A ferroelectric (FE) material is a dielectric crystal that exhibits a spontaneous electric polarization. The direction of spontaneous polarization can be reversed between two crystallographic defined states by application of an external electric field. Ferroelectric materials exhibit ferroelectricity only below the Curie temperature Tc, which in literature is also known as the phase transition temperature. Since the phase transition temperature is a material property, its value covers a vast spectrum of temperatures. Above this temperature the material exhibits paraelectric properties and behavior.
The discovery of ferroelectric Hafnium oxide (HfO2) triggered an increase in research on ferroelectric materials, since it was widely recognized that the existence of robust, chemically stable, and relatively inert ferroelectric crystals offered an electrically switchable, two-state device. This electrically switchable two-state possibility by ferroelectric materials has been proposed to be used for different application like memory devices, negative capacity transistors (NCFET), for energy harvesting applications in electro-caloric devices, ferroelectric and pyroelectric sensors and piezoelectric devices, so-called supercapacitors.

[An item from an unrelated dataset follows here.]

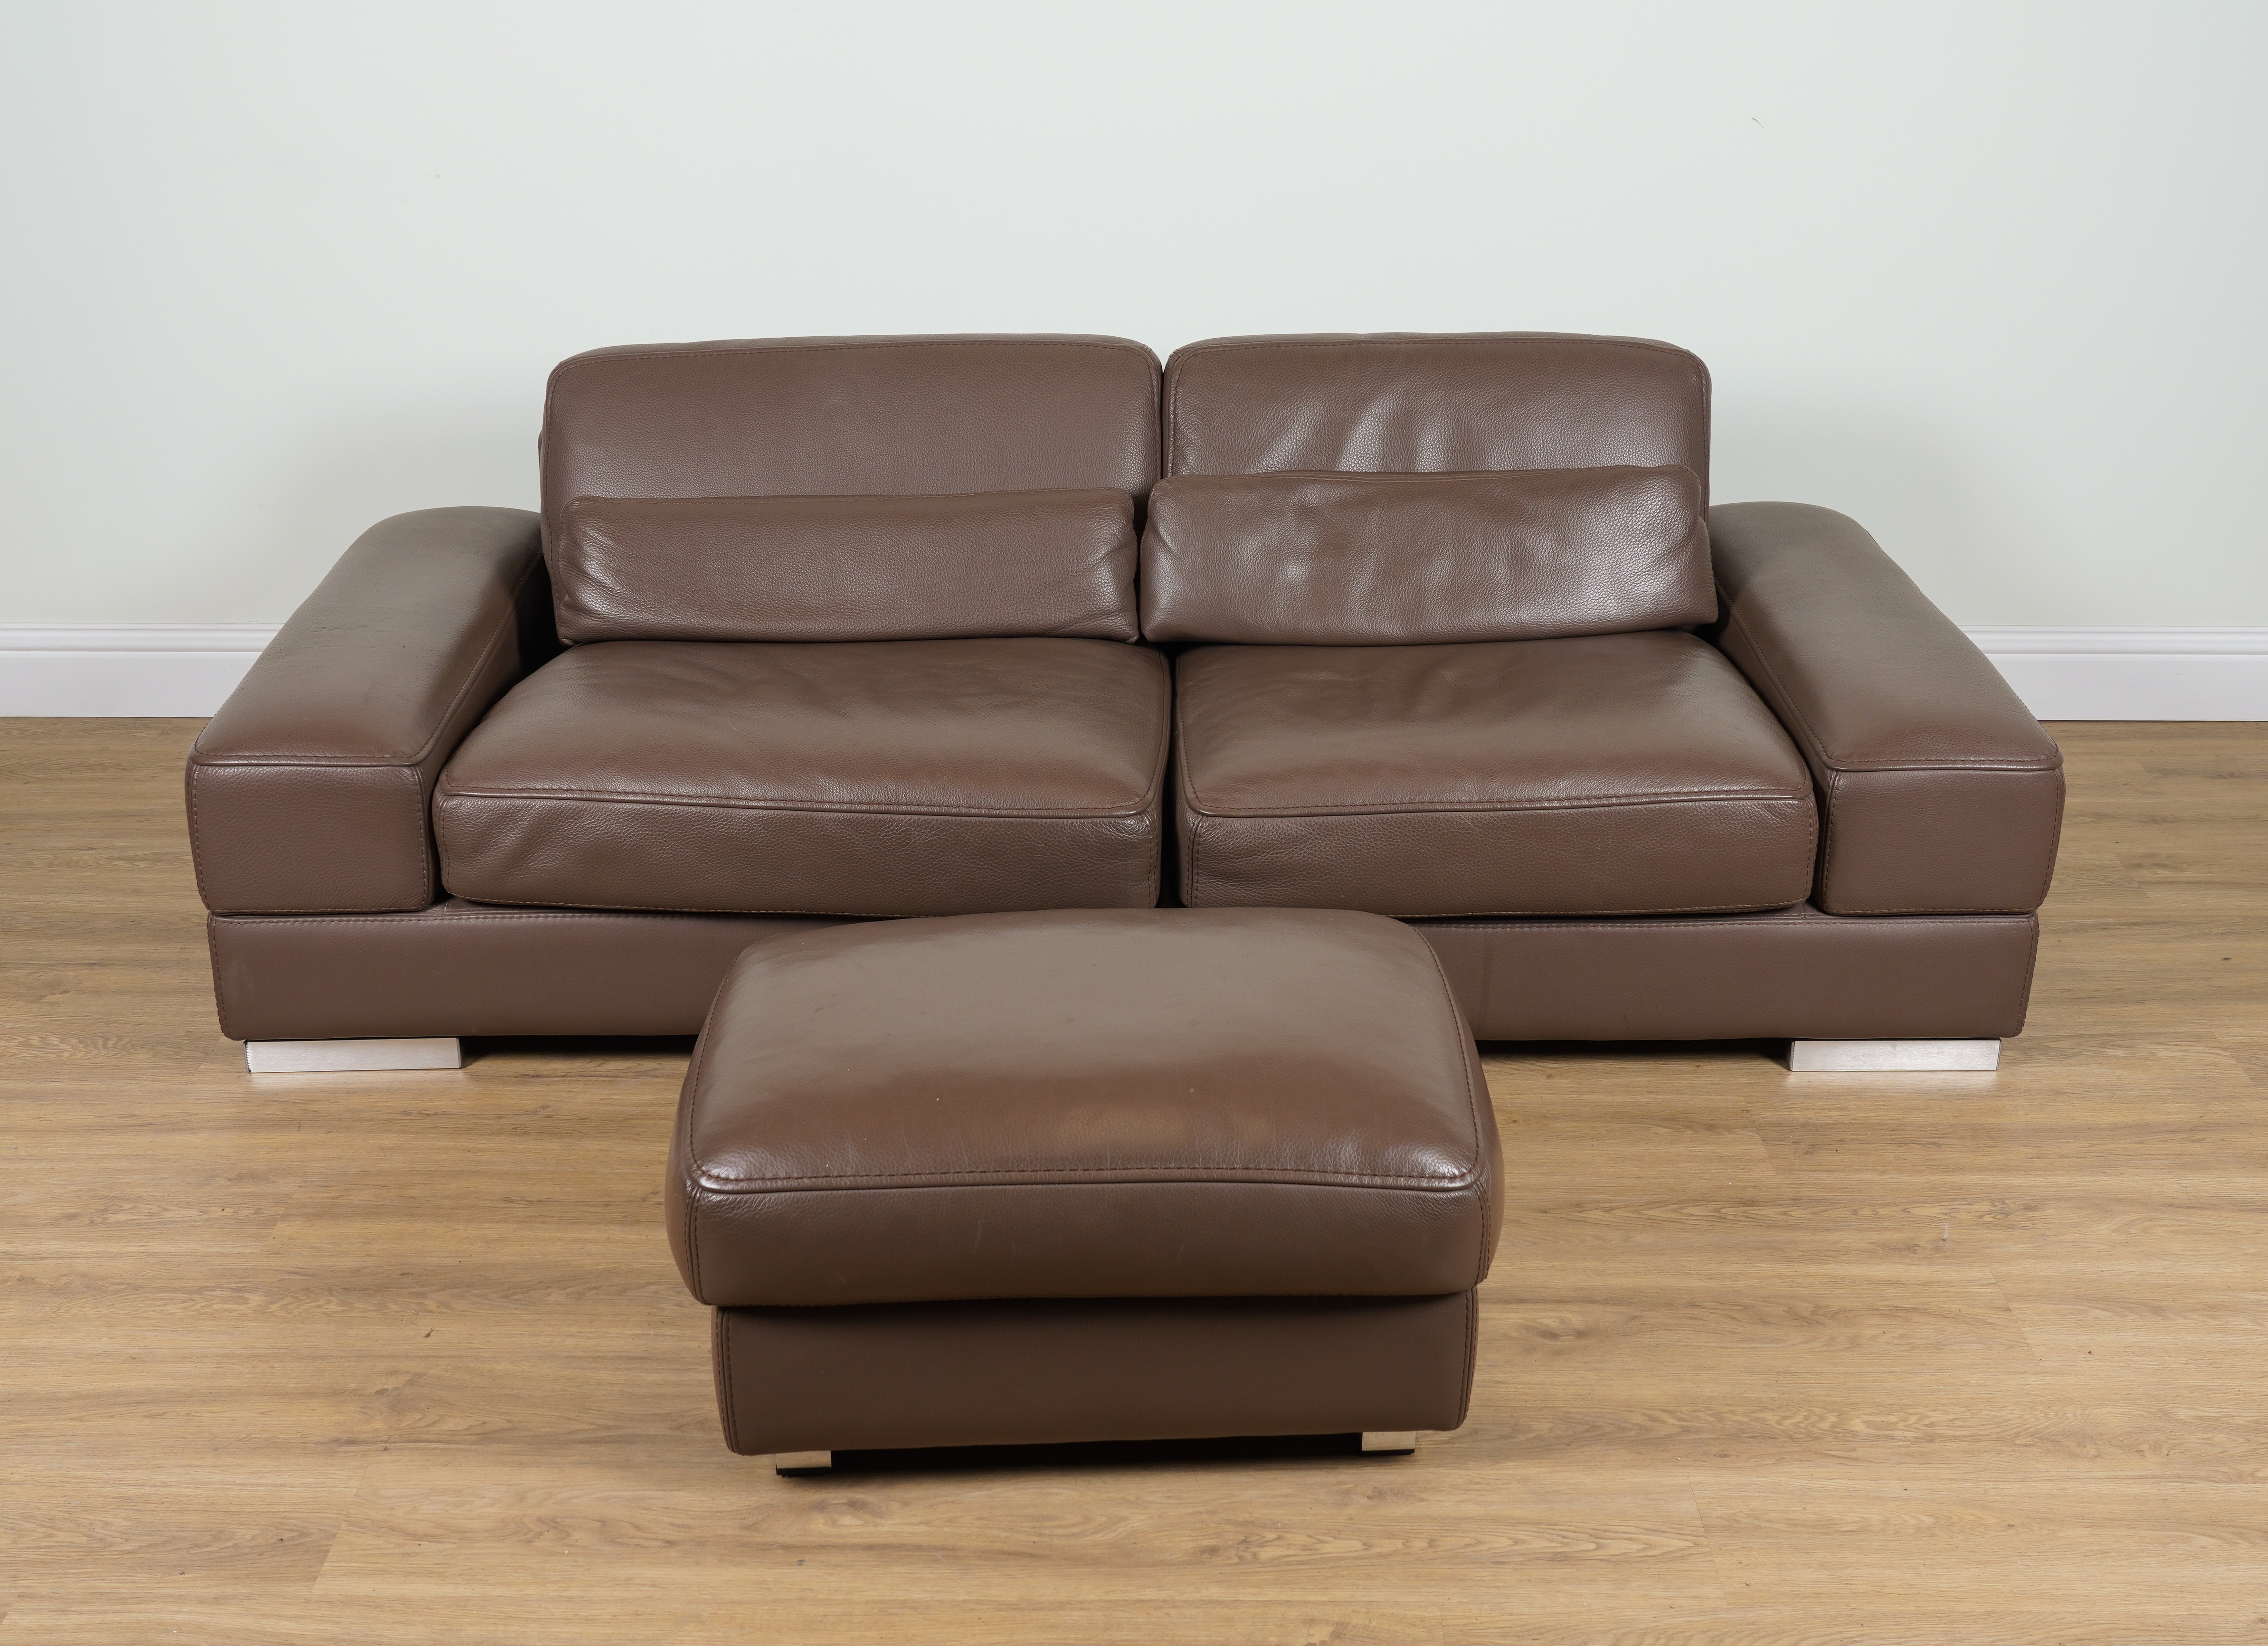 ROCHE BOBOIS A BROWN LEATHER UPHOLSTERED 3ae522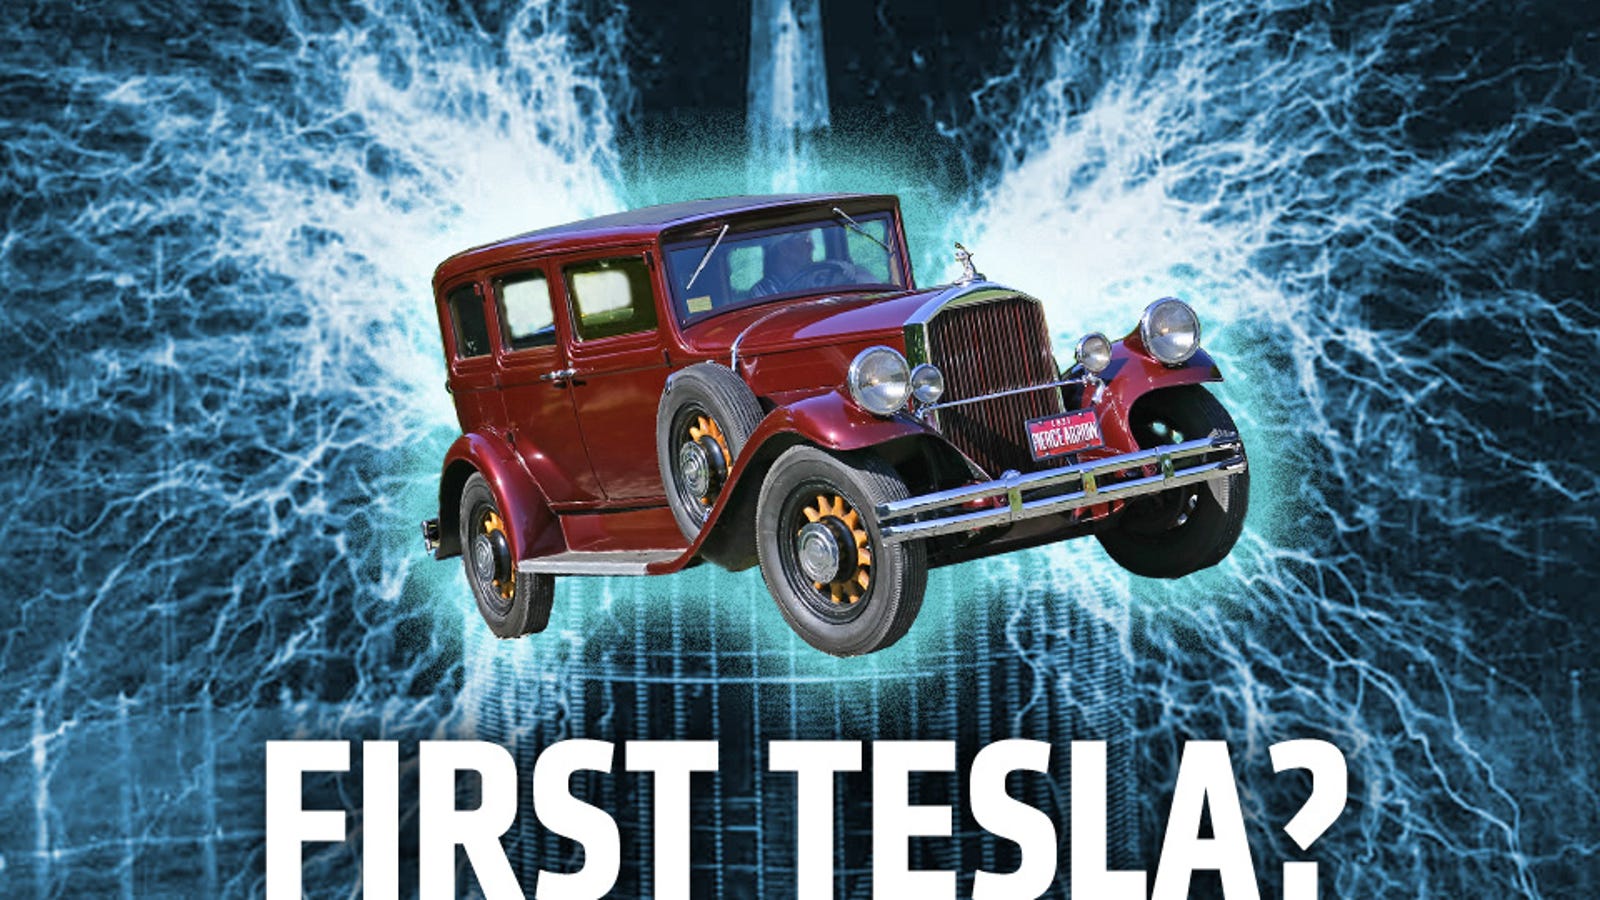 Nikola Tesla's Mysterious Electric Car Had No Batteries (And Probably

Many electronic devices and systems have the capability to store and retrieve information in a memory structure. A number of different memory structures are used in such systems. One prominent volatile memory is a DRAM structure that allows for high speed and high capacity data storage. It is called a volatile memory structure because the stored data is lost within seconds and has to be refreshed in time to secure data storage. Some examples of non-volatile memory structures include read only memory (ROM), EEPROM (electrically erasable programmable read-only memory) and flash memories as an electronic (solid-state) non-volatile computer storage medium that can be electrically erased and reprogrammed. Ferroelectric memory structures (e.g., FeRAM and FeFET devices), phase change memory (e.g., PCRAM) structures, resistive memory (e.g., RRAM) structures and magnetic memory (e.g., MRAM) structures are examples of such non-volatile memory structures.
With regard to ferroelectric (FE) structure, these structures can be in the form of a capacitor (e.g., a FeRAM) or a transistor (FeFET), where information can be stored as a certain polarization state of the ferroelectric material within the structure. The ferroelectric material that can be used is hafnium dioxide or zirconium dioxide or a solid solution of both transition metal oxides. In the case of pure hafnium oxide, the remanent polarization can be improved by a certain amount of dopant species which has to be incorporated into the HfO2 layer during the deposition.
The ferroelectric material is intended to partially or fully replace the gate oxide of a transistor or the dielectric of a capacitor. The switching is caused by applying an electrical field via voltage between transistor gate and transistor channel. Specially, for n-channel transistors, ferroelectric switching after application of a sufficiently high positive voltage pulse causes a shift of the threshold voltage to lower or negative threshold voltage values. For p-channel transistors a negative voltage pulse causes a shift of the threshold voltage to higher or positive threshold voltage values.
One problem that can occur is that charge carriers trapping from one of the electrodes in a capacitor device can shift the polarization hysteresis by creation of an internal bias field due to unequal distribution of charges at the two different electrodes (imprint effect).
Another problem that can occur is that minority carrier trapping from the channel region can shift the threshold voltage of transistors oppositely to the direction caused by ferroelectric switching. Accordingly, it is desirable to avoid charge trapping for a ferroelectric non-volatile memory device. Other negative impacts of trapping are increased leakage current and earlier breakdown of the ferroelectric/interfacial layer causing a reduced lifetime of the ferroelectric transistor or capacitor. In order to do this, the ferroelectric properties of the ferroelectric material must be enhanced to improve the lifetime of the ferroelectric device.
However, even with improvements to the ferroelectric properties, charge trapping within the ferroelectric layer cannot be avoided completely. For example, due to the ability to make HfO2 thin together with a very thin interface layer while still maintaining its ferroelectric properties (low dead layer effect), charge trapping becomes much more critical compared to other ferroelectric materials such as Lead Zirconate Titanate (PZT), Bismuth Titanate (BTO) or Strontium Bismuth Tantalate (SBT). For PZT, BTO or SBT materials, a layer thickness must be about 100 nm combined with a thick interface layer used as barrier which reduces charge trapping in the ferroelectric material or leakages currents significantly.
To improve the sensing and memory window of the device with thin ferroelectric materials, electrical trapping can be avoided by a reduction of defect sites mainly at the interface to the electrodes. It is known that epitaxial growth of layers is a possibility to reduce defect sites at the interface between ferroelectric materials and the electrode. The reduction of defect sites at the interface needs a nearly perfect match of lattice constant between the different materials. Epitaxial growth therefore limits the available materials significantly because a nearly perfect lattice match of the electrode and dielectric lattice is necessary, which limits the used material sets. Additionally, epitaxial growth is a slow and very expensive approach.